WebGPU - Successor to webgui

Matthias Hochsteger, Christopher Lackner
CERBSim

We present ngsolve_webgpu, a new GPU-native visualization stack for NGSolve and the planned replacement for webgui. Built on WebGPU, the modern successor to WebGL, it keeps the familiar Draw(cf, mesh, …) interface while moving both rendering and computation onto the GPU: true high-order fields, clipping-plane cross-sections, streamlines and isosurfaces, complex-field phase animation, and export to standalone HTML for sharing.

This talk is a live, demo-driven tour of the new engine and its NGSolve integration.

ngapp and ngsolve_gui

Christopher Lackner, Matthias Hochsteger
CERBSim

NGSolve simulations usually live in scripts that are hard to hand to anyone who didn’t write them. ngapp is a Python framework for wrapping such a script in a small, interactive web app: you build the UI from components — inputs, layout, tables, 3D viewports, plots — in Python, and Python state and the browser stay in sync automatically through reactive components and event callbacks.
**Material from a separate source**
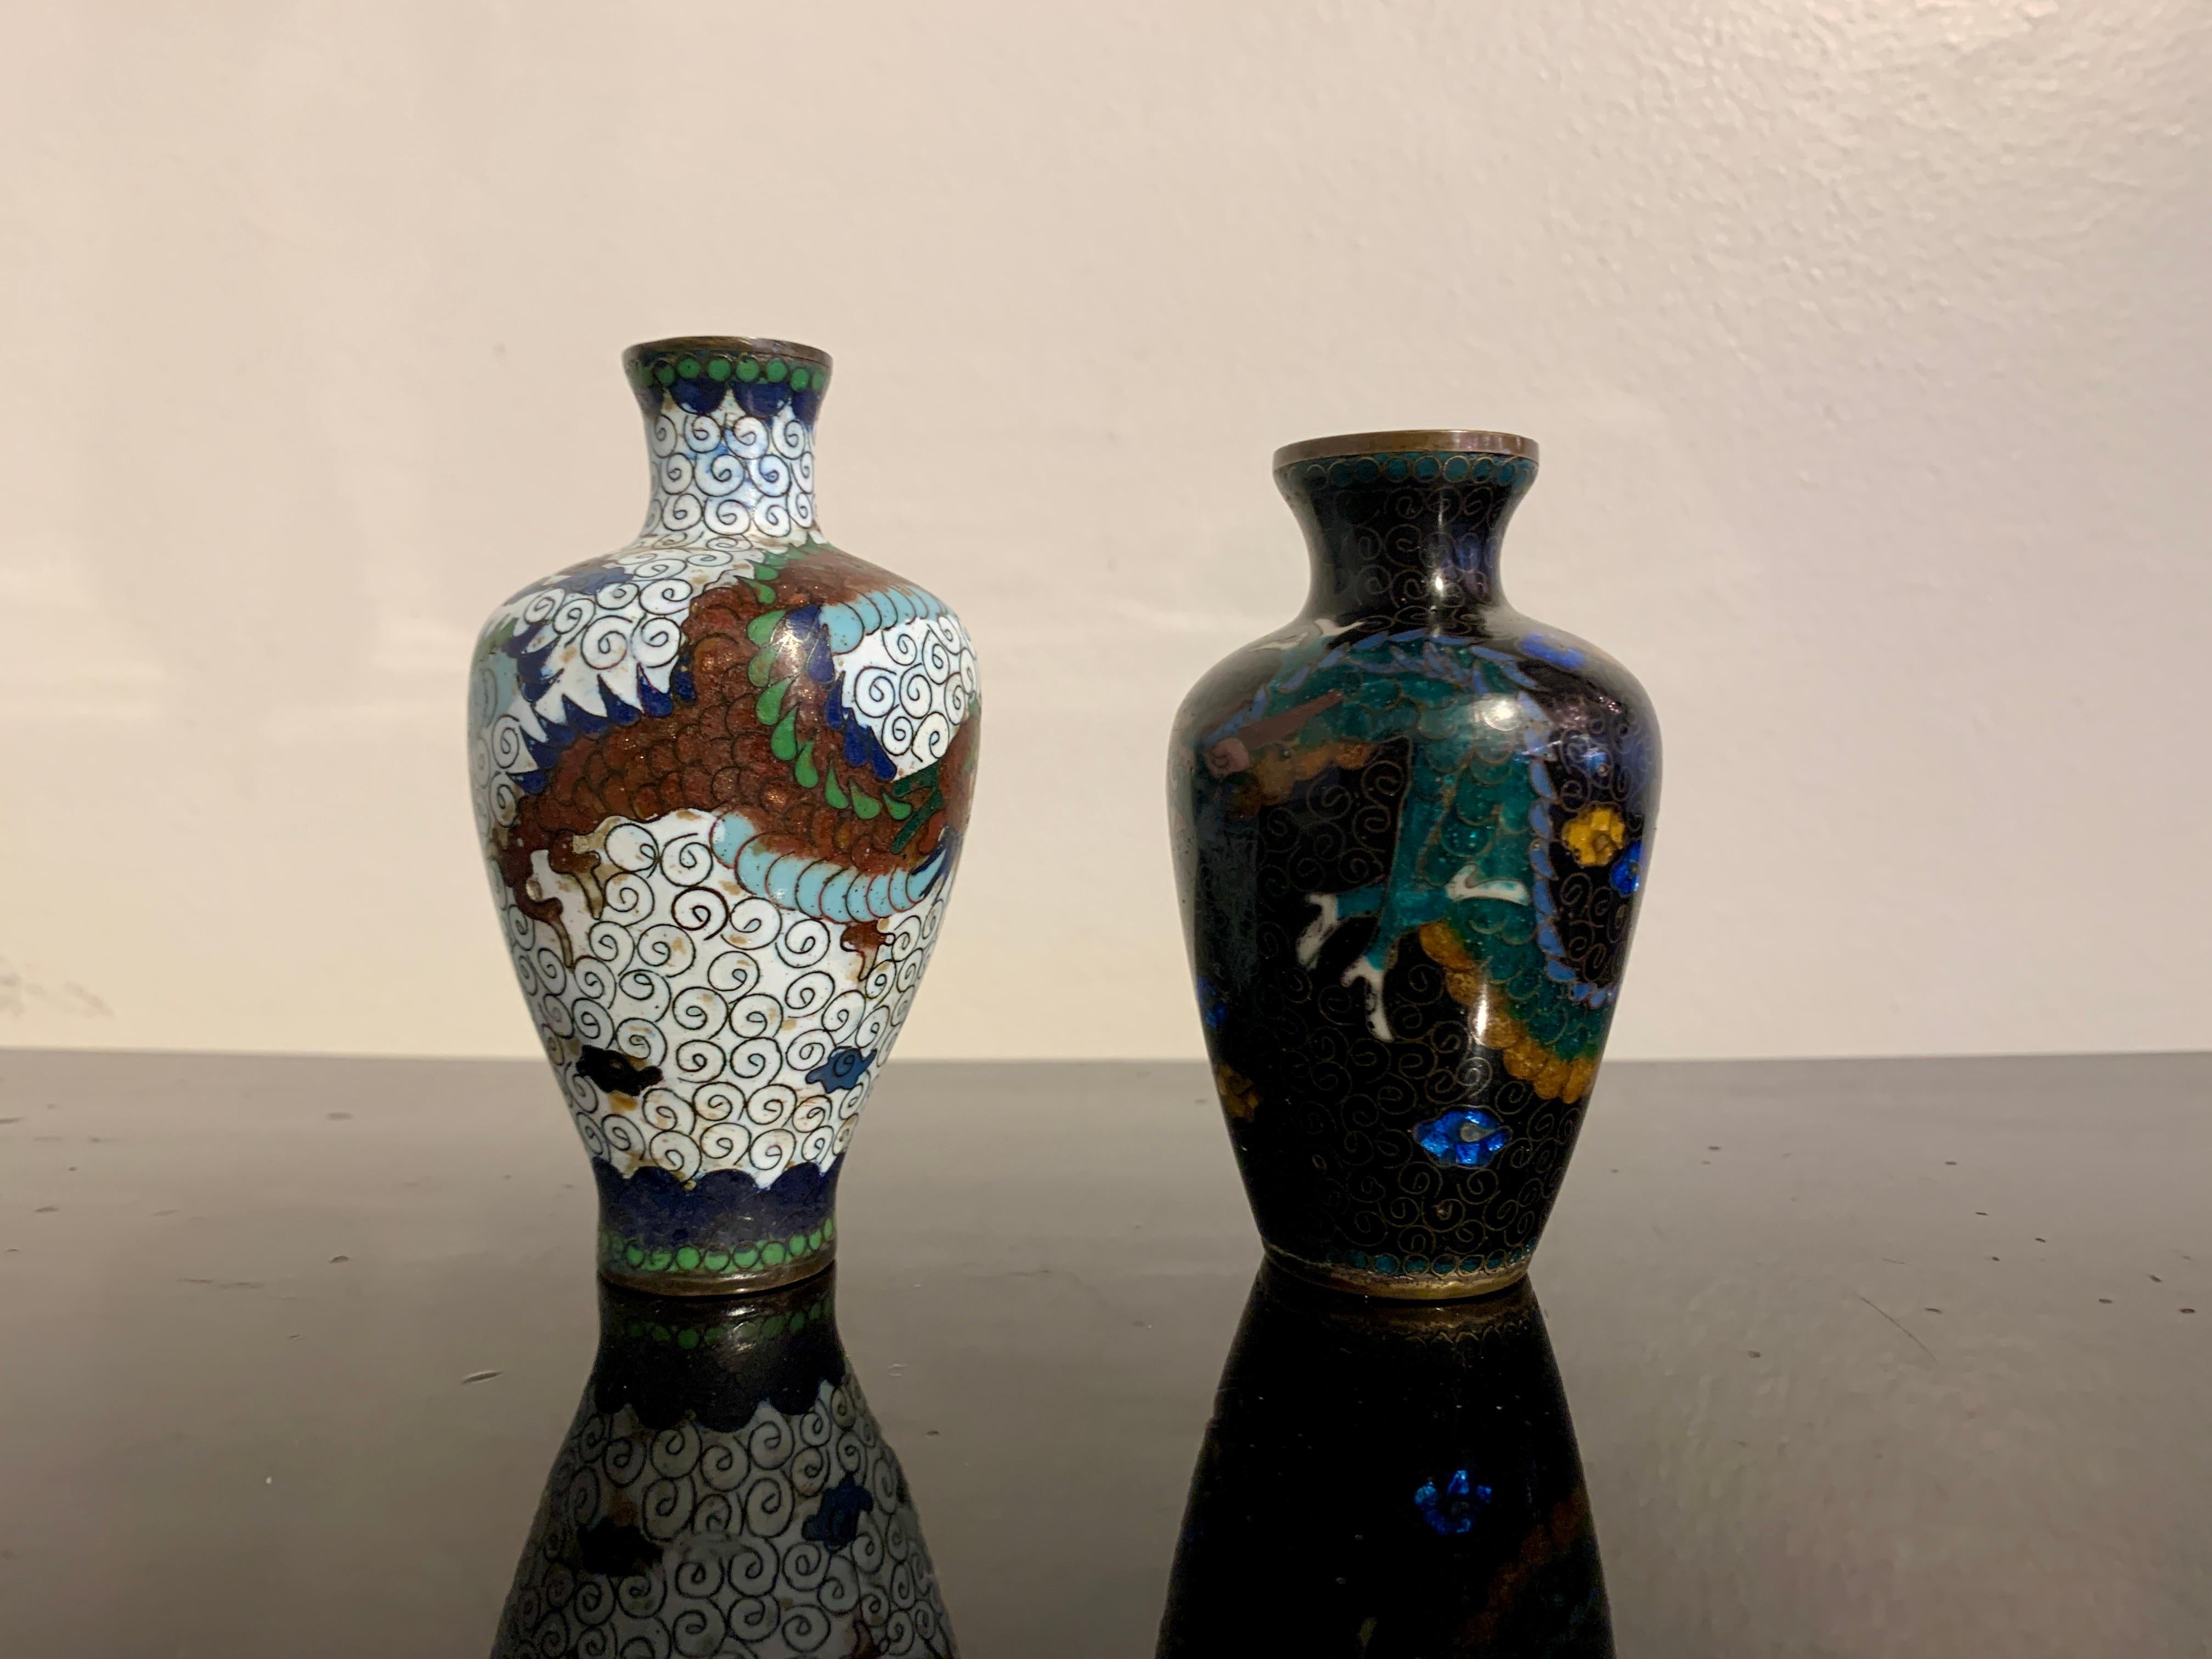 Two charming, small Japanese cloisonné dragon vases, Meiji to Taisho period, early 20th century, Japan. 

The miniature vases of baluster form, with tapering ovoid bodies, high shoulders, short necks, and slightly everted mouths. The small vases

The same app runs locally with hot reload, deploys to GitHub Pages as a client-side static page, or installs as a standalone Python package.

ngsolve_gui is a GPU-based GUI for Netgen/NGSolve built on ngapp and ngsolve_webgpu. Your existing Draw calls open in it; it shows meshes, geometries and solution fields with clipping, deformation, vectors, fieldlines and isosurfaces, OCC face/edge picking, Plotly and matplotlib tabs, and probing by picking, and it can save and load its whole state. Because it is built from ngapp components, its viewers — mesh, function, geometry, plot — can be dropped into your own app or subclassed.

The talk covers the component model, styling and embedded 3D views, how apps are run and deployed, and how to reuse the GUI’s pieces in your own apps.